AI Agent Beginner Tutorial: 01 - Concepts, Examples, and Technical Background

Use research briefs, ticket routing, and rewriting to understand chat, workflows, and agents, then trace the technical progression through LLMs, structured output, function calling, tools, and agent runtimes. The result is an agent-loop map used throughout the series.

Contents12 sections

Start with “automatically produce a technical brief”

Suppose the task is to build a technical research assistant: the user provides a topic, the system finds material, and it produces a brief with sources.

The program performs five actions: accept a topic, find sources, judge whether evidence is sufficient, organize conclusions, and save the result. Some steps can be fixed in code, while others depend on newly retrieved material.

Understanding agents requires separating content generated by the model from task progression controlled by the system. Mixing those layers turns tools, memory, and planners into disconnected vocabulary.

Run one model call first

Create a virtual environment, install the OpenAI Python SDK, and provide the model name and API key through environment variables. The code makes one request with no tool and no loop.

PYTHON
import os
from openai import OpenAI

client = OpenAI()

response = client.responses.create(
    model=os.environ["OPENAI_MODEL"],
    input="Explain the difference between an AI agent and a chatbot in three sentences.",
)

print(response.output_text)

Observe three pieces of data during the run: user input, model output, and whether the program continues. Here the program prints text and exits. No next step exists.

TEXT
User input ──▶ Model ──▶ Text output ──▶ Program exits

This is a chat path. The model generated content, but the program did not let it alter control flow.

Compare three control models

The same technical-brief requirement can become three different programs.

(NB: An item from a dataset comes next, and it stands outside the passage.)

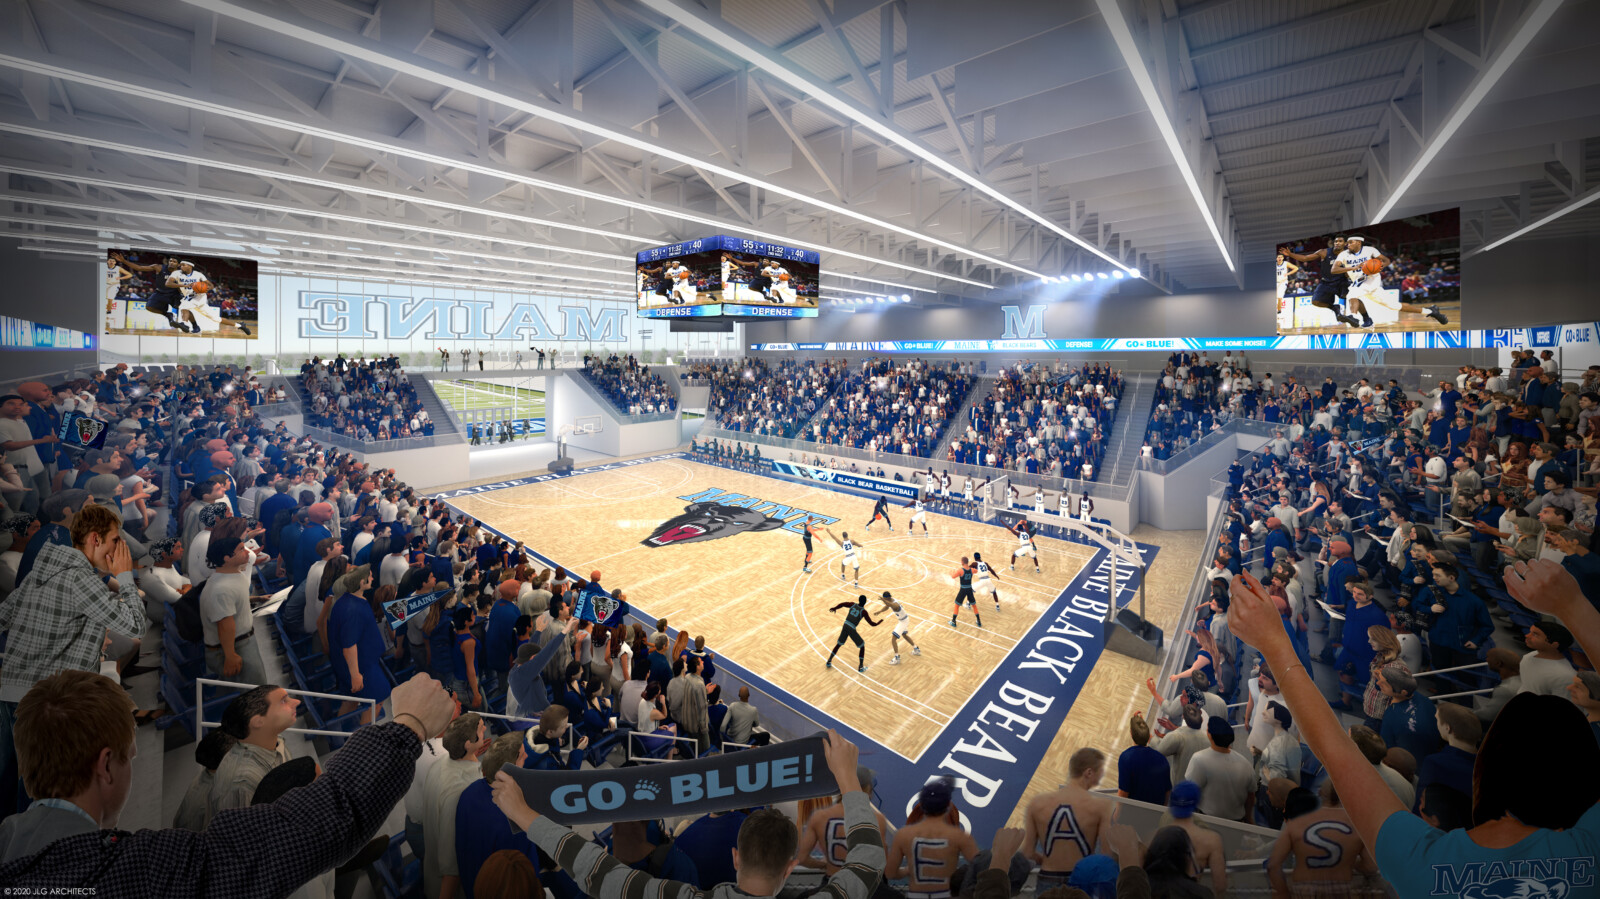 UMaine Athletics Introduces No Re-Entry Policy at Alfond Arena - University  of Maine Athletics

FormWho chooses the next stepSuitable tasksBrief example
ChatThere is no next stepRewriting, classification, summarizationCompress supplied material into 300 words
WorkflowCodeStable steps with finite branchesAlways retrieve, draft, then validate format
AgentModel within constraintsNew results change the next actionChoose which evidence to seek when sources are insufficient

A workflow is not an inferior agent. Fixed flows are often cheaper and easier to test. Model-driven decisions are useful only when intermediate observations change the action and code cannot reasonably enumerate every path.

Identify the roles inside an agent loop

At its smallest, an agent has five positions.

TEXT
                 ┌───────────────┐
                 │   Task goal    │
                 └───────┬───────┘
                         ▼
┌──────────┐      ┌───────────────┐      ┌──────────┐
│ Result   │ ───▶ │ Model selects │ ───▶ │ Tool runs │
└────▲─────┘      │ an action     │      └────┬─────┘
     │            └───────┬───────┘           │
     └────────────────────┘◀───────────────────┘
                          │
                          ▼
                   Stop condition passes
  • The goal states what must be completed.
  • The observation contains user input, tool results, and errors.
  • The decision lets the model select from allowed actions.
  • A tool reaches files, databases, or external APIs.
  • The application checks stopping conditions for success, failure, and budget exhaustion.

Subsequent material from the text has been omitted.